As long as it can do this over 50% of the time, it's okay if there are a few games it can't learn.
I spoke a bit about this market in a comment on another market:
https://manifold.markets/ScottAlexander/in-2028-will-an-ai-be-able-to-gener#xauyrw6cY45QGI3yxks7
Can it practice similar games? When a human is playing a video game for the first time, they're usually drawing on experiences from playing other video games, and video games take advantage of this by making many of the inputs/outputs similar across games (left stick usually moves you around, right stick makes you look around, etc.)
I think this would require human level generality. Current video game AIs are this good because they get to play for so long they basically explore the whole state space of the game - not literally the whole state space, but for each possible state, the AI experienced analogous states during the training phase.
When it comes to games like puzzle games or strategy games, it seems to me that this requires having the same ability as humans to generalize from little experience, and is nearly equivalent to predicting human-level AGIs before 2028.
one actionable consequence of this opinion is that I think the divergence between these two questions is wildly larger than it should be. I will be taking this bet. https://manifold.markets/ScottAlexander/by-2028-will-there-be-a-visible-bre
This is essentially my view. An agent that passes this test would be dramatically more economically useful than almost any form of historical automation, since the conditions are so general
what kind of learning during the game would be ok?
e.g.
- self learning after the game has already started?
- using a training-algorithm (e.g. backprop) to update an intemediate modell (e.g. the reward function)?
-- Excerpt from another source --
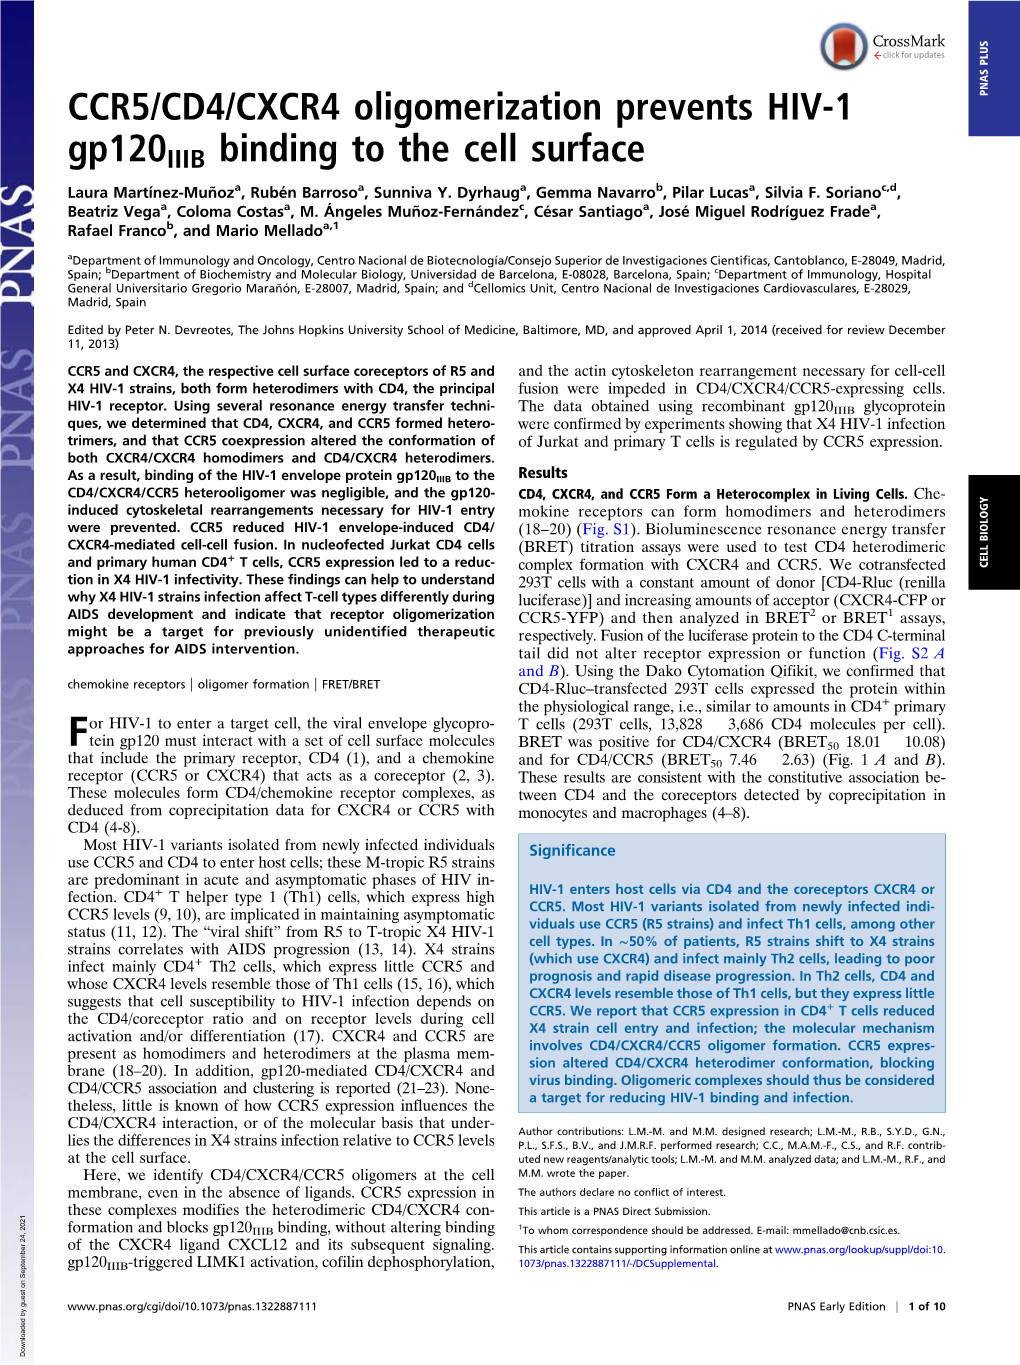 CCR5/CD4/CXCR4 Oligomerization Prevents HIV-1 Gp120iiib Binding To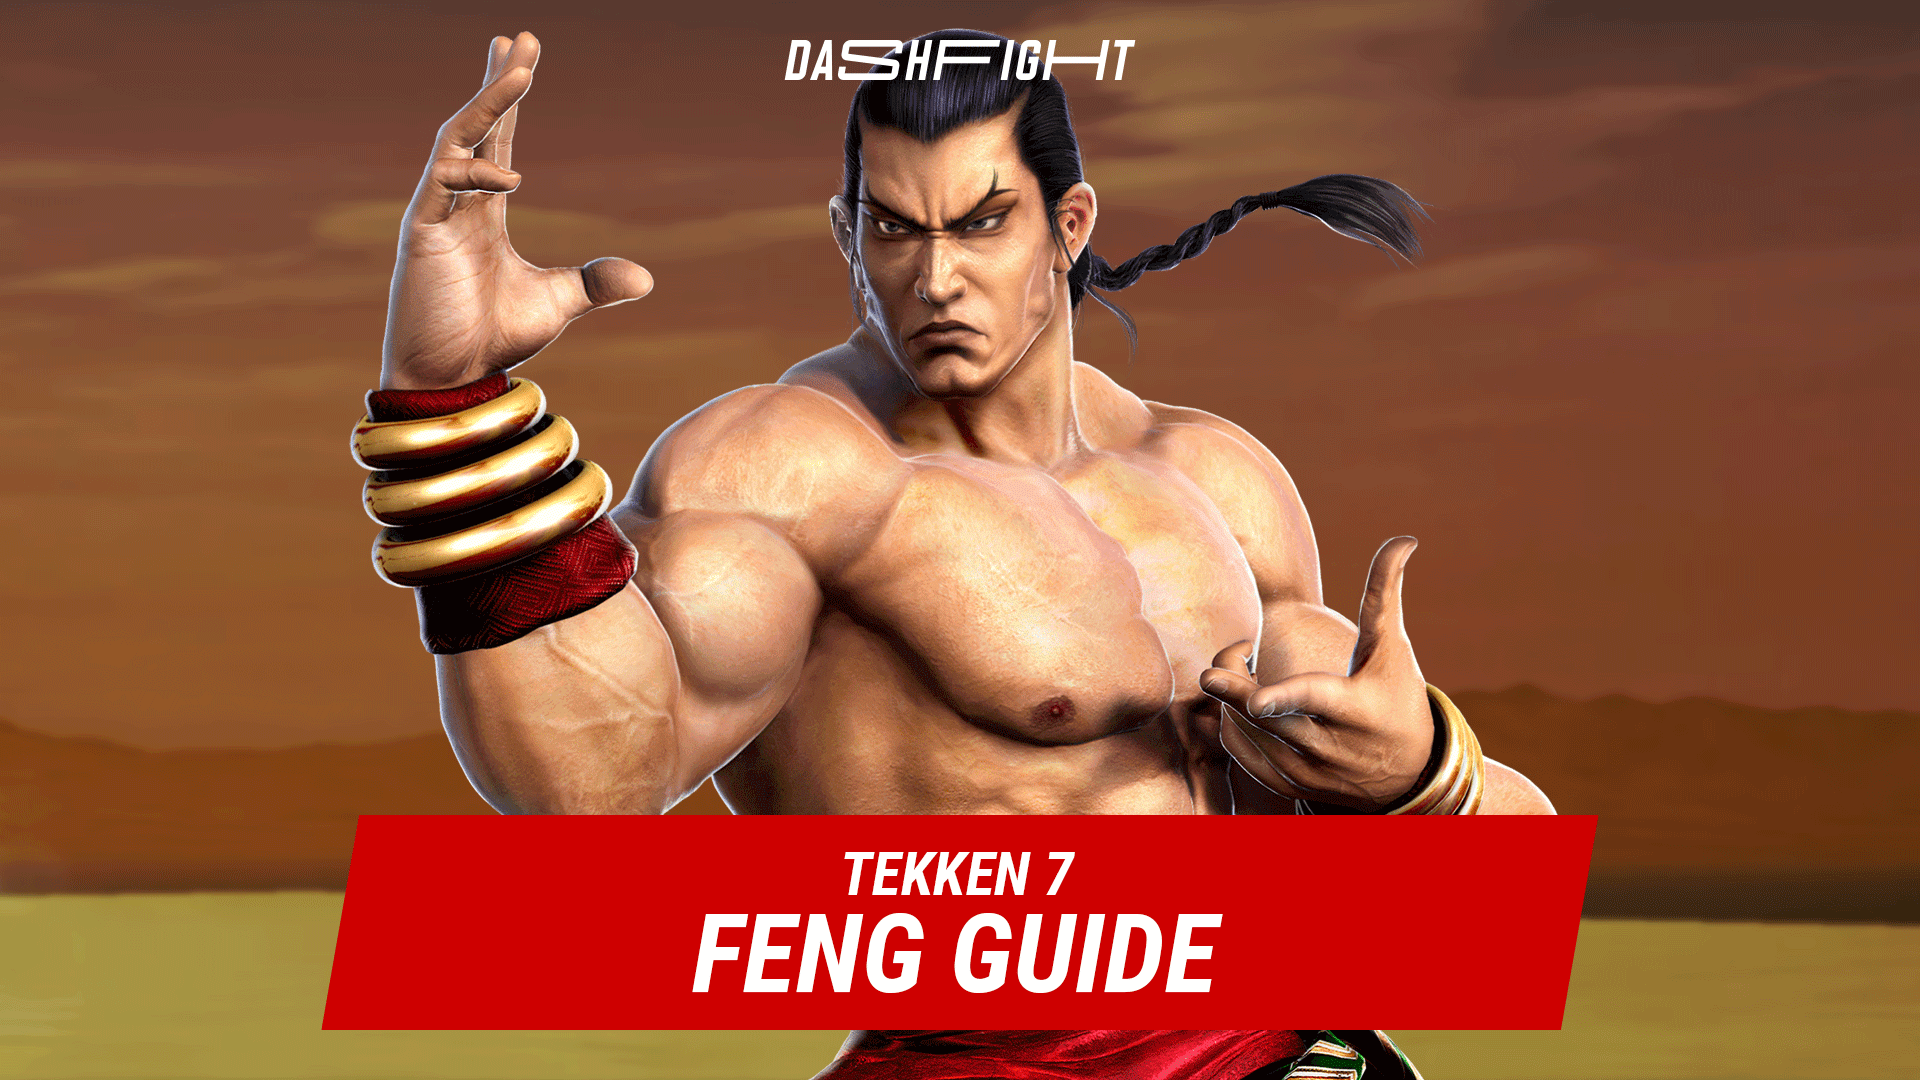 Tekken 7 Course: From Beginner to Advanced Player

for instance: with the world-modell approach [1], the agent learns about vision, than it learns predictions about the world, and then it learns strategy in that imagined world. The world-model is first created by observing the word, so no self-training here. The control-model is created by self-learning on the world-model, but not on the real game. So that would would be self-learning, but not on the game, but instead inside its own mind (kinda like a human-player simulates the game world in his head to come of with strategies before trying them out in the real game)
in this example: If an AI would train a world-model (V and M Model in the paper) by observing games, but then use a pre-trained* C-Model, how would that resolve this market?
* pre-trained on other games, not the specific on in question.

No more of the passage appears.